===== Data extracts

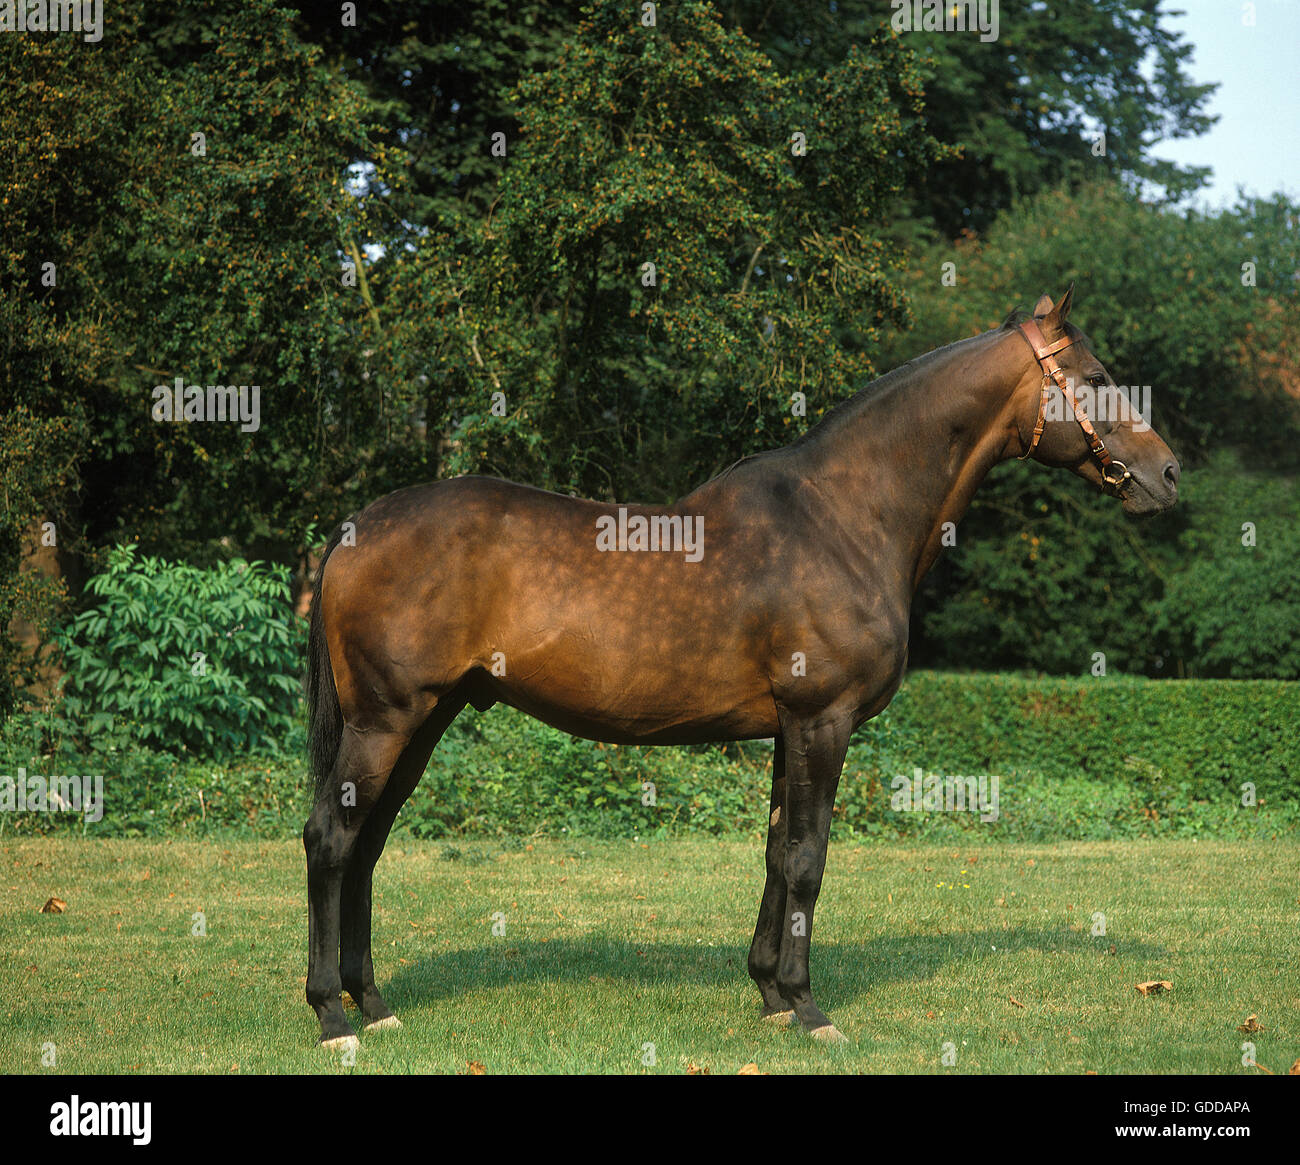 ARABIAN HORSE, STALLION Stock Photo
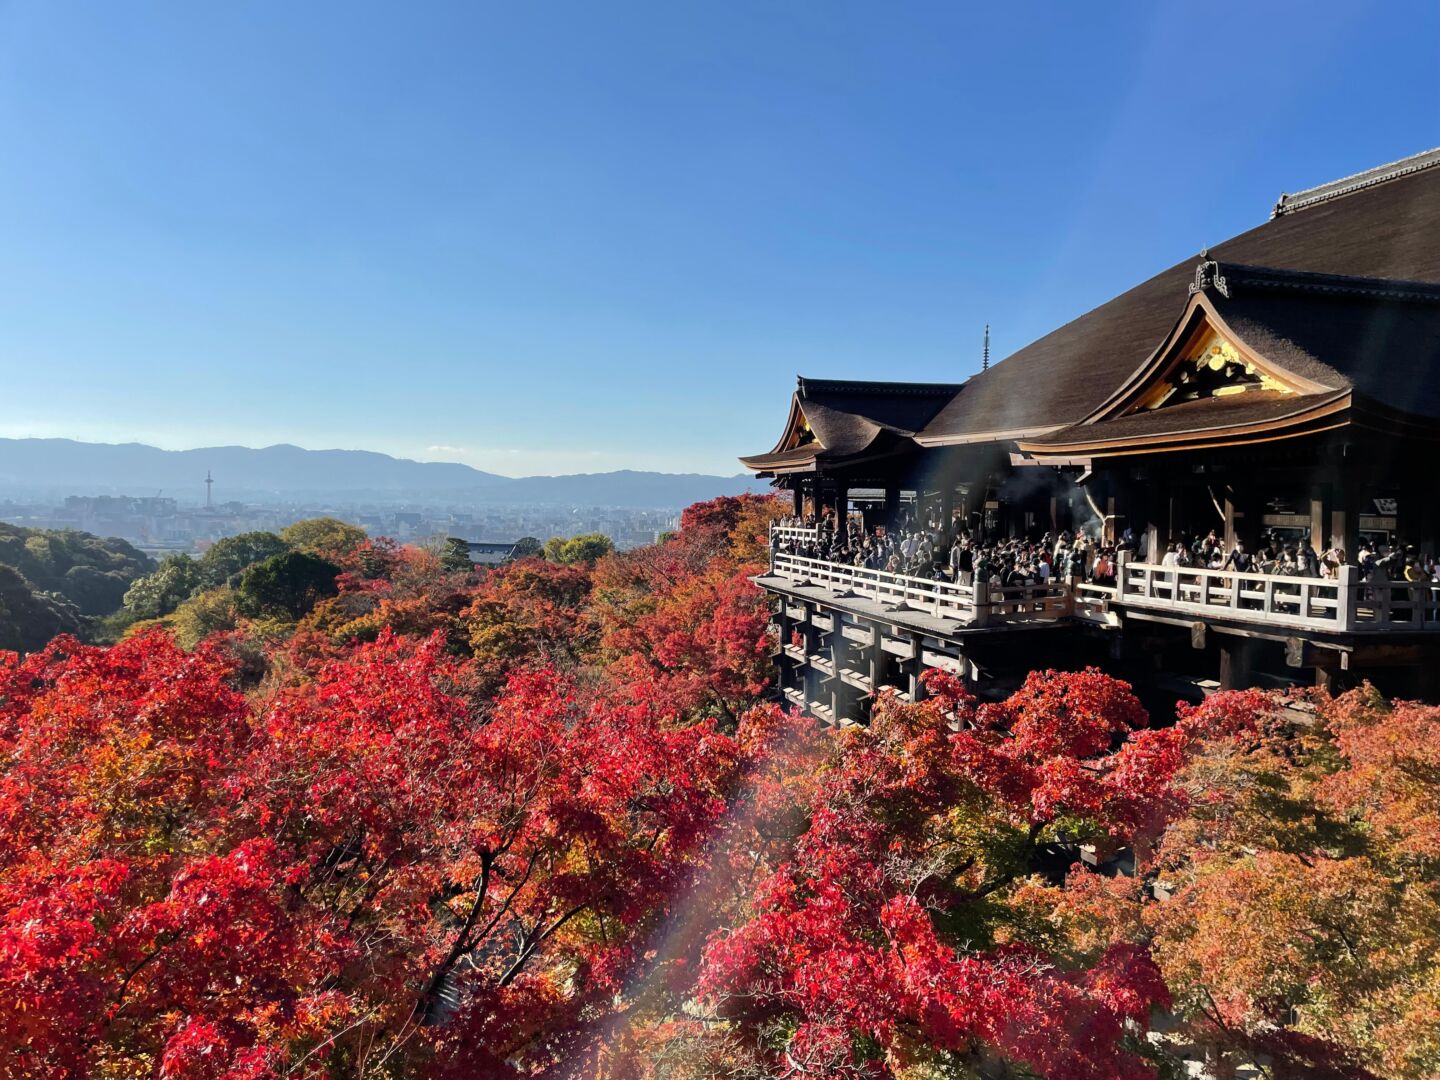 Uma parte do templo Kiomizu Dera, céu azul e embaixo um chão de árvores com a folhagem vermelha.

==========
===== Data extracts

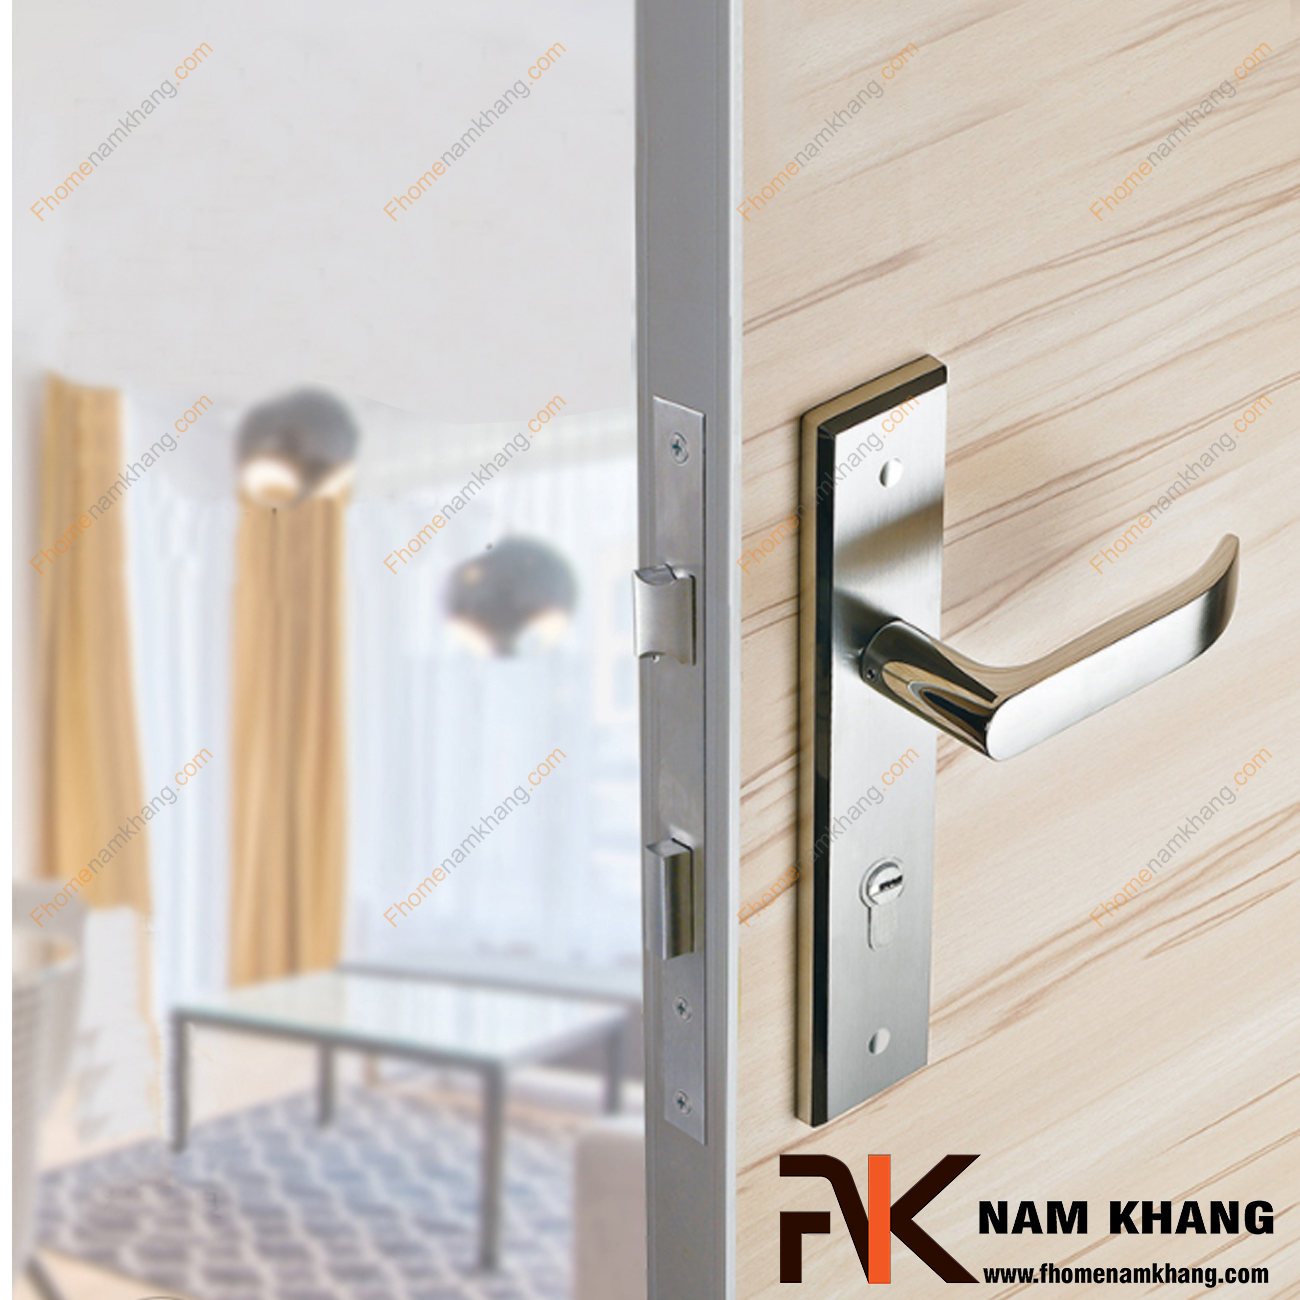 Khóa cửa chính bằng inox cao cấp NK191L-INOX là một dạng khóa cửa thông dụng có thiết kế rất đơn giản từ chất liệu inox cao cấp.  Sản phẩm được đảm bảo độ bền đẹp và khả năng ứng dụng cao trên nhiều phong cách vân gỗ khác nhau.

==========

* _Problem_: Leaving out the pictures, please output the lines in the entries above from the one with "ARABIAN HORSE, STALLION Stock Photo" through the one with "Uma parte do", exactly as they are.

* _Answer below_:
 ARABIAN HORSE, STALLION Stock Photo
 Uma parte do templo Kiomizu Dera, céu azul e embaixo um chão de árvores com a folhagem vermelha.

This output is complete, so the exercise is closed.